The result of KPSS and Box-Cox test indicates that atm1 timeseries is statioanry.

Seasonal and Trend decomposition (STL)

atm1_stl_fit <- ATM1 %>%
  stlf(h = 31, s.window = 7, robust = TRUE)
checkresiduals(atm1_stl_fit)
## Warning in checkresiduals(atm1_stl_fit): The fitted degrees of freedom is based
## on the model used for the seasonally adjusted data.

## 
##  Ljung-Box test
## 
## data:  Residuals from STL +  ETS(A,N,N)
## Q* = 7.9258, df = 12, p-value = 0.7909
## 
## Model df: 2.   Total lags used: 14
checkresiduals(atm1_stl_fit)
## Warning in checkresiduals(atm1_stl_fit): The fitted degrees of freedom is based
## on the model used for the seasonally adjusted data.

## 
##  Ljung-Box test
## 
## data:  Residuals from STL +  ETS(A,N,N)
## Q* = 7.9258, df = 12, p-value = 0.7909
## 
## Model df: 2.   Total lags used: 14
atm1_stl_fit%>% forecast(h=31) %>% autoplot()

Seasonal and Trend decomposition (STL) with ARIMA

atm1_stl_arima_fit <- ATM1 %>%
  stlf(h = 31, s.window = 7, robust = TRUE, method = "arima")
checkresiduals(atm1_stl_arima_fit)
## Warning in checkresiduals(atm1_stl_arima_fit): The fitted degrees of freedom is
## based on the model used for the seasonally adjusted data.

## 
##  Ljung-Box test
## 
## data:  Residuals from STL +  ARIMA(0,1,2)
## Q* = 5.4248, df = 12, p-value = 0.9423
## 
## Model df: 2.   Total lags used: 14
atm1_stl_arima_fit%>% forecast(h=31) %>% autoplot()

Holt-Winters

atm1_hw_fit <- hw(ATM1, h = 31)
checkresiduals(atm1_hw_fit)

## 
##  Ljung-Box test
## 
## data:  Residuals from Holt-Winters' additive method
## Q* = 16.871, df = 3, p-value = 0.0007513
## 
## Model df: 11.   Total lags used: 14
atm1_hw_fit%>% forecast(h=31) %>% autoplot()

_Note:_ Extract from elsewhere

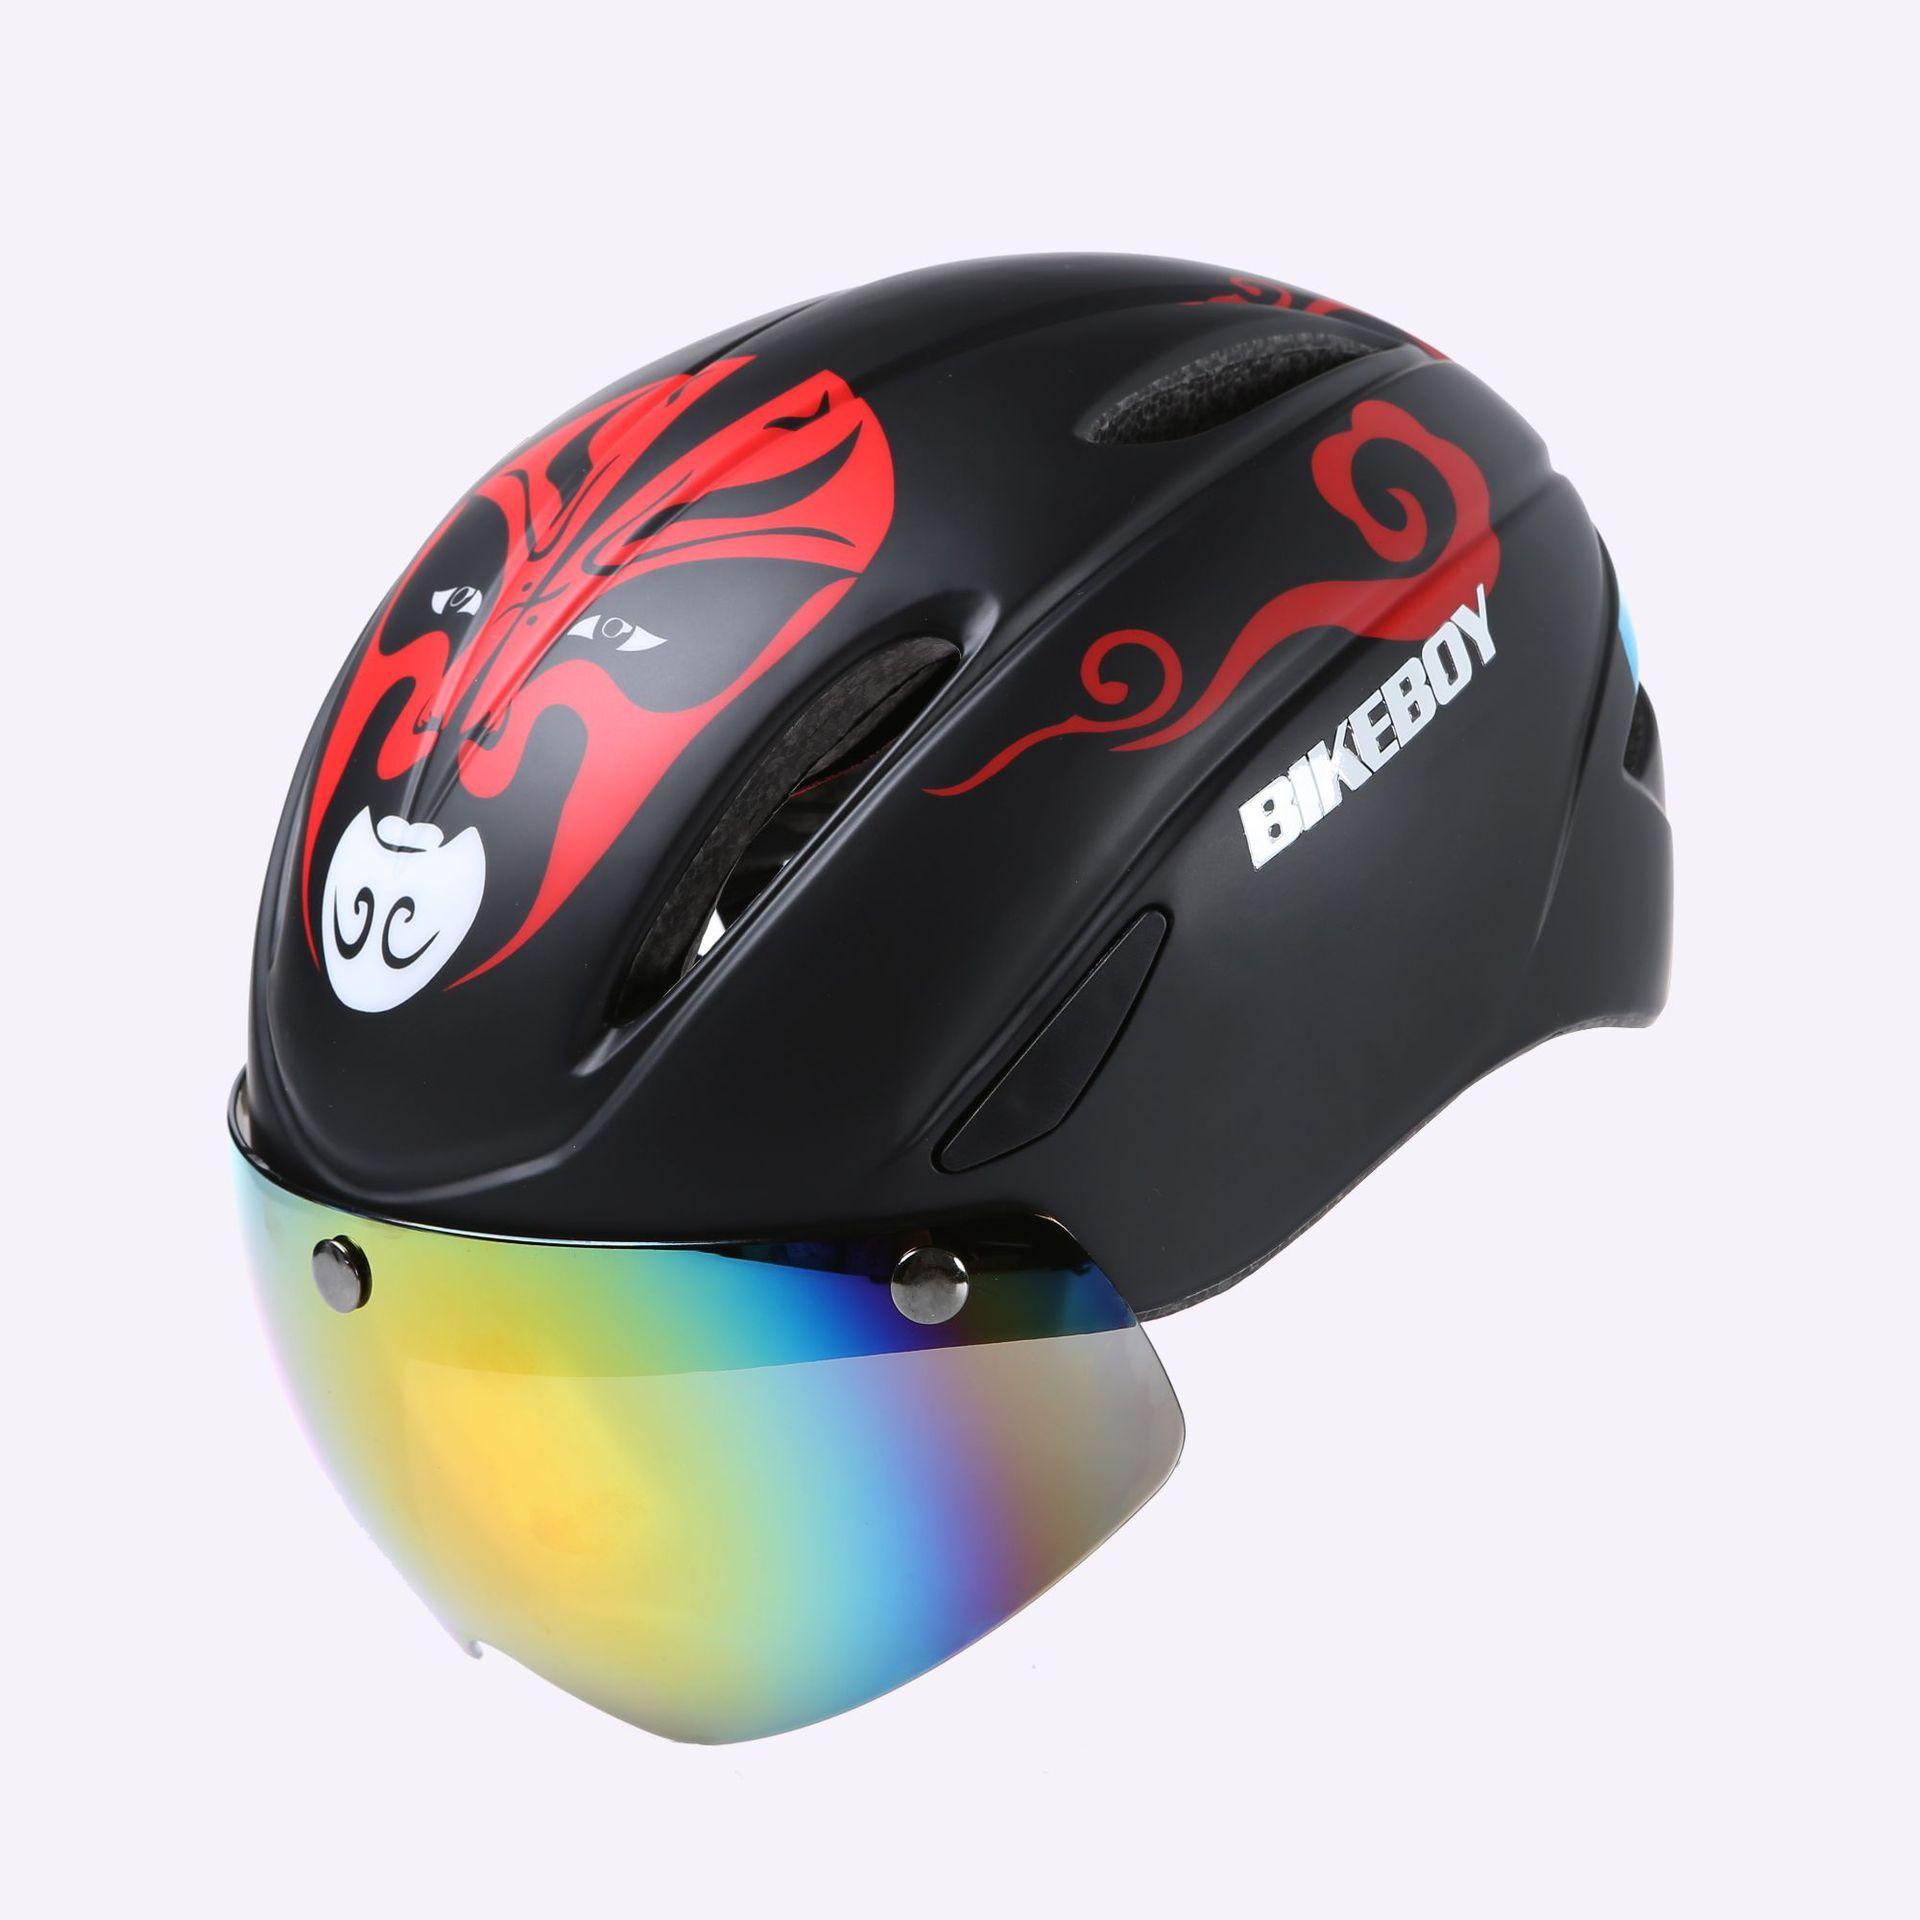 Bikeboy Riding Helmet Glasses One-piece Men Road Bike Mountain Bike Helmet Bicycle Helmet Restraint Goggles Pattern B - matte_Free size - gray lenses

Holt-Winters with Box Cox Adjustment

atm1_lambda <- BoxCox.lambda(ATM1)
atm1_adj_hw_fit <- hw(ATM1, h = 31, lambda = atm1_lambda)
checkresiduals(atm1_adj_hw_fit)

## 
##  Ljung-Box test
## 
## data:  Residuals from Holt-Winters' additive method
## Q* = 16.921, df = 3, p-value = 0.0007336
## 
## Model df: 11.   Total lags used: 14
atm1_adj_hw_fit%>% forecast(h=31) %>% autoplot()

ARIMA

atm1_arima_fit <- auto.arima(ATM1)
checkresiduals(atm1_arima_fit)

## 
##  Ljung-Box test
## 
## data:  Residuals from ARIMA(0,0,1)(0,1,1)[7]
## Q* = 11.267, df = 12, p-value = 0.5062
## 
## Model df: 2.   Total lags used: 14
atm1_arima_fit%>% forecast(h=31) %>% autoplot()

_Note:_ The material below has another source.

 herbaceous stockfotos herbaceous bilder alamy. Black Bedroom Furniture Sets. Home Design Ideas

kpss.test(resid(atm1_arima_fit))
## Warning in kpss.test(resid(atm1_arima_fit)): p-value greater than printed p-
## value
## 
##  KPSS Test for Level Stationarity
## 
## data:  resid(atm1_arima_fit)
## KPSS Level = 0.098551, Truncation lag parameter = 5, p-value = 0.1

ARIMA with Box Cox Adjustment

atm1_lambda = BoxCox.lambda(ATM1)
atm1_box_arima_fit <- Arima(ATM1, order = c(1, 0, 1), seasonal = c(0, 1, 1), lambda = atm1_lambda)
checkresiduals(atm1_box_arima_fit)

## 
##  Ljung-Box test
## 
## data:  Residuals from ARIMA(1,0,1)(0,1,1)[7]
## Q* = 10.658, df = 11, p-value = 0.4724
## 
## Model df: 3.   Total lags used: 14
atm1_box_arima_fit%>% forecast(h=31) %>% autoplot()

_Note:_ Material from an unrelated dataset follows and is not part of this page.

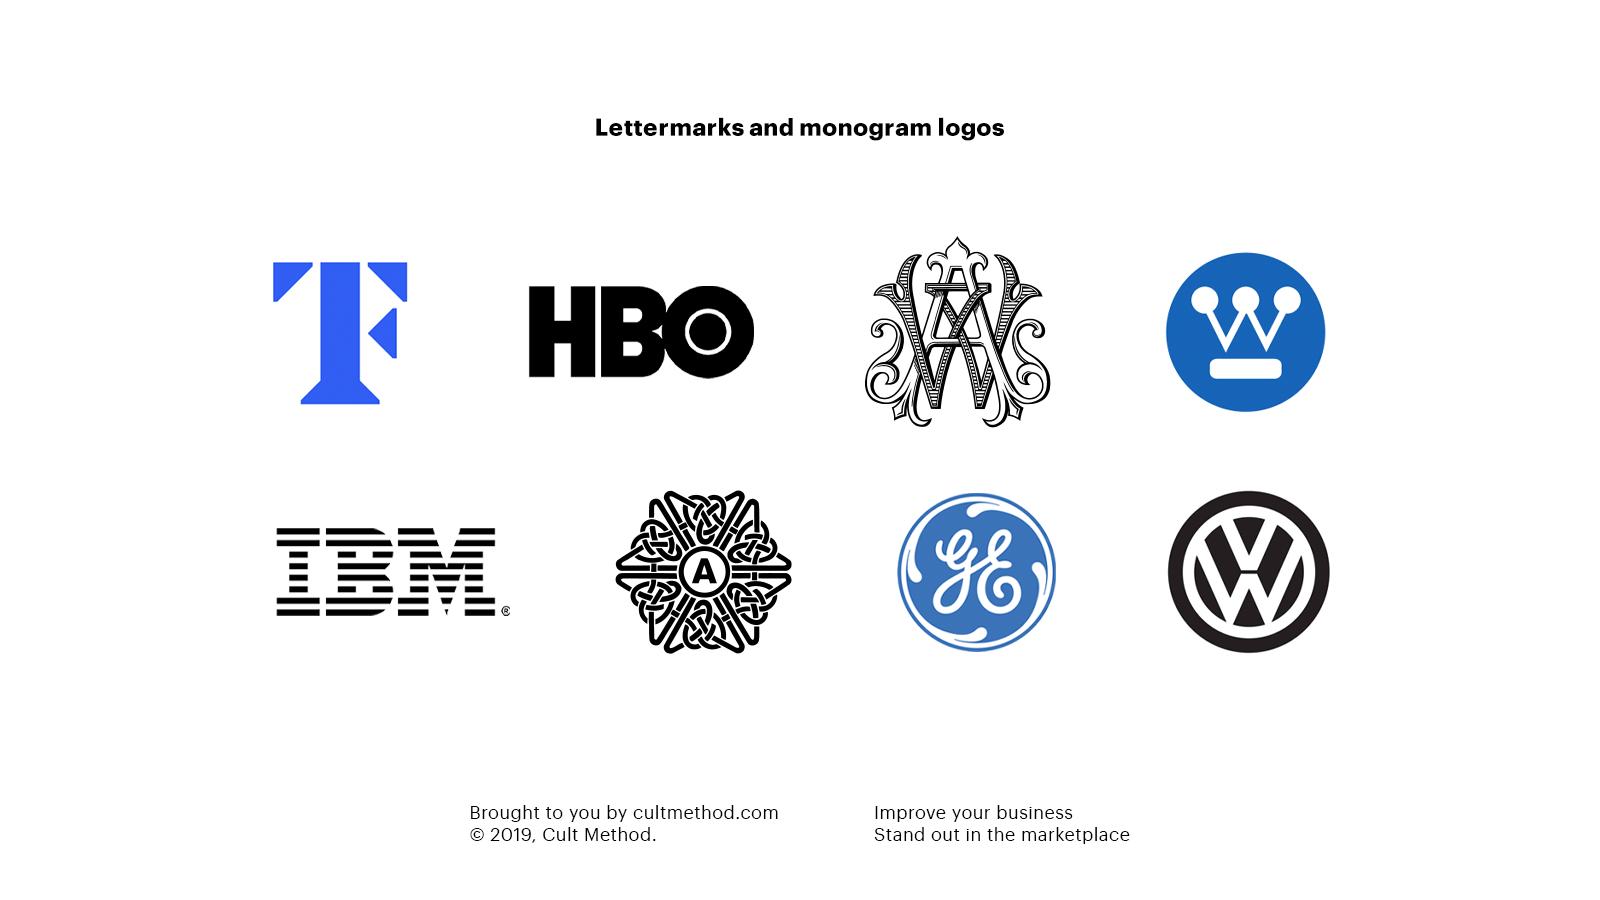 Different lettermarks and monogram logos

kpss.test(resid(atm1_box_arima_fit))
## Warning in kpss.test(resid(atm1_box_arima_fit)): p-value greater than printed p-
## value
## 
##  KPSS Test for Level Stationarity
## 
## data:  resid(atm1_box_arima_fit)
## KPSS Level = 0.062513, Truncation lag parameter = 5, p-value = 0.1

MODEL EVALUATION

I will use the tsCV function and evaluate the models.My goal is to find the model that produces minumum RMSE.

h <- 31
get_rmse <- function(error) {
  sqrt(mean(error^2, na.rm = TRUE))
}
atm1_arima_forecast <- function(x, h) {
  forecast(Arima(x, order = c(0, 0, 1), seasonal = c(0, 1, 1)), h = h)
}
atm1_arima_box_forecast <- function(x, h) {
  forecast(Arima(x, order = c(1, 0, 1), seasonal = c(0, 1, 1),lambda = atm1_lambda), h = h)
}

residuals_stl <- tsCV(ATM1, stlf, h = h, s.window = 7, robust = TRUE)
residuals_stl_arima <- tsCV(ATM1, stlf, h = h, s.window = 7, robust = TRUE, method = "arima")
residuals_hw <- tsCV(ATM1, hw, h = h)
residuals_arima <- tsCV(ATM1, atm1_arima_forecast, h = h)
residuals_arima_box <- tsCV(ATM1, atm1_arima_box_forecast, h = h)
data.frame(Model_Name = c("STL", "STL & ARIMA", "Holt-Winters", "ARIMA","ARIMA-BOX_COX"),
           RMSE = c(get_rmse(residuals_stl[, h]), get_rmse(residuals_stl_arima[, h]), get_rmse(residuals_hw[, h]), get_rmse(residuals_arima[, h]),
                                                                                                                        get_rmse(residuals_arima_box[, h]))) %>%
  arrange(RMSE) %>%
  kable() %>%
  kable_styling()
Model_Name RMSE
ARIMA 35.22610
ARIMA-BOX_COX 36.14111
STL & ARIMA 37.99406
STL 38.75113
Holt-Winters 46.03976

The ARIMA(0,0,1)(0,1,1) model gives the minumum RMSE among the other models.

ATM #2

Data Cleanup

atm2 <- atm_data %>%
  filter(ATM == "ATM2")

Here, I’d like to review the “atm2” timeseries data to determine whether there is a seosanality and ACF and PACF plots.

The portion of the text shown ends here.